No debe extrañarnos que nosotros, los humanos podamos parecernos en muchos aspectos a otras creaturas. Ver no es algo que sucede desde el mismo instante en que venimos al mundo. En esto nos parecemos a otras, no pocas creaturas. Ver es un proceso. Es algo que se da después del nuestro nacimiento, después del comienzo del camino de nuestra vida personal.
El ciego del que nos habla San Juan no es alguien que haya perdido la posibilidad de recobrar la vista después de tenerla. El Evangelio nos habla de un ciego de nacimiento, de un pordiosero sentado al margen de todos y en quien Jesús obra con amor creador. Ser ciego y poder ver es nacer a la vida. Pero ser ciego de nacimiento y creer es nacer verdaderamente a la vida eterna.
La forma en que Jesús obra no es nada normal pero tiene su explicación en la obra creadora. El Señor se vale de la saliva de su propia boca y del polvo de la tierra para hacer lodo con el que untará los ojos del ciego. Ello simboliza el nuevo nacimiento en Cristo. En el lenguaje del Antiguo testamento crea Dios al hombre del polvo de la tierra y sopla su aliento sobre él.
Pero el Señor, después de untar el lodo, formado con el polvo y su propia saliva sobre los ojos de aquel hombre, le manda lavarse en la piscina de Siloé, que significa (Enviado) para significar el bautismo como comienzo de la vida para Dios.

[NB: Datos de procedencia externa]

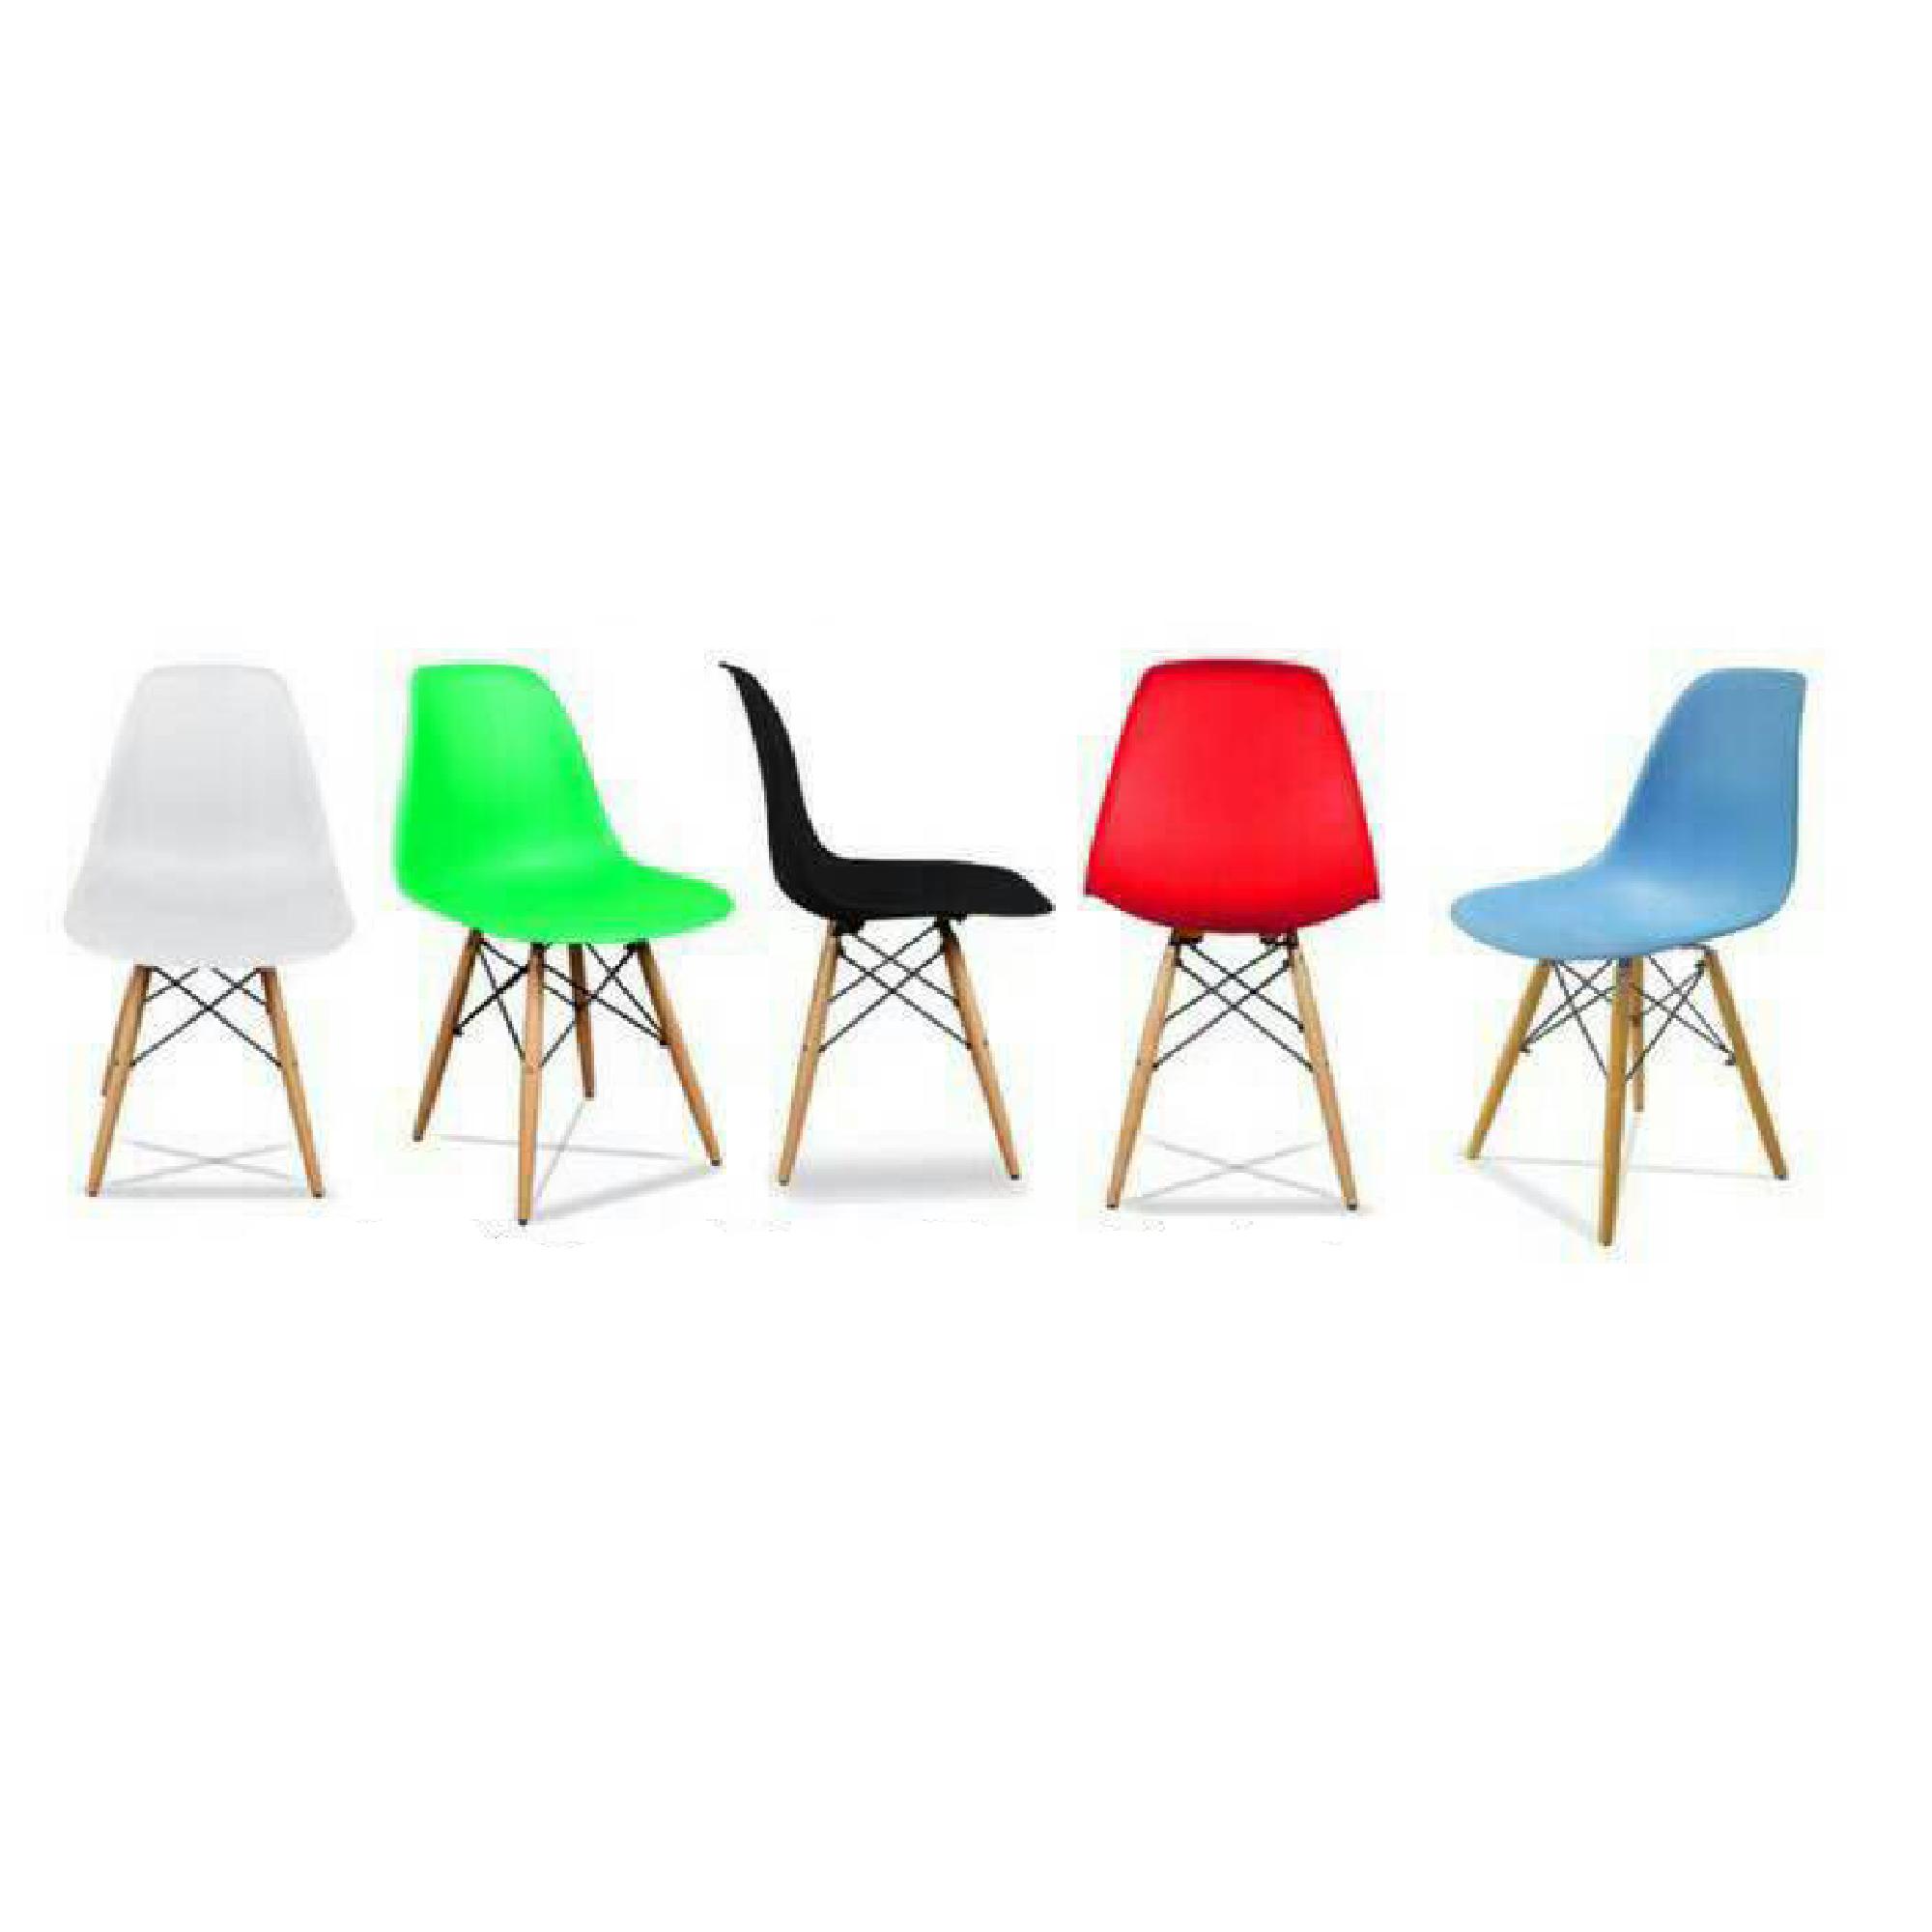 เก้าอี้ดีไซน์

Poder ver después de haber sido ciego de nacimiento no es garantía de que aquellos que ya ignoraban y marginaban al ciego puedan creer y ser testimonio de la fe. Ver después de ser ciego no garantiza la fe de los otros y por ello tampoco la vida eterna. Ver puede ser, en ese sentido el camino personal de la fe, que abra la interrogante sobre quién es Jesús y el anhelo de conocerle.
Cuando el ciego, a quien Jesús le ha dado el sentido de la vista, es interrogado sobre “qué piensas de Él?”, éste responde con admiración personal y para enfurecimiento de los fariseos:“ Que es un profeta”.
En aquel ciego de nacimiento no sólo se produce el milagro de ver sino muy especialmente el de conocer a Jesús y postrarse ante Él. De tal manera que, lo que para unos es la fe pudiera ser necedad para otros.
Nuestra propia historia en la fe tiene claros testimonios en el Santo Evangelio. También nosotros podemos ser testimonio de la fe que profesamos. A ello nos invita la Santa iglesia.
En este tiempo especial de cuaresma, para que podamos descubrir nuestras propias “cegueras”, lavar y abrir los ojos, se nos ofrece el sacramento de la penitencia en el que el Señor nos da vida en abundancia.
Vallamos a nuestras parroquias y acerquémonos a la confesión, que es como la piscina en la que podremos lavarnos para abrir nuestros ojos y podes ver a Jesús, el Mesías, el enviado del Padre. Amén.
Feliz domingo, día del Señor.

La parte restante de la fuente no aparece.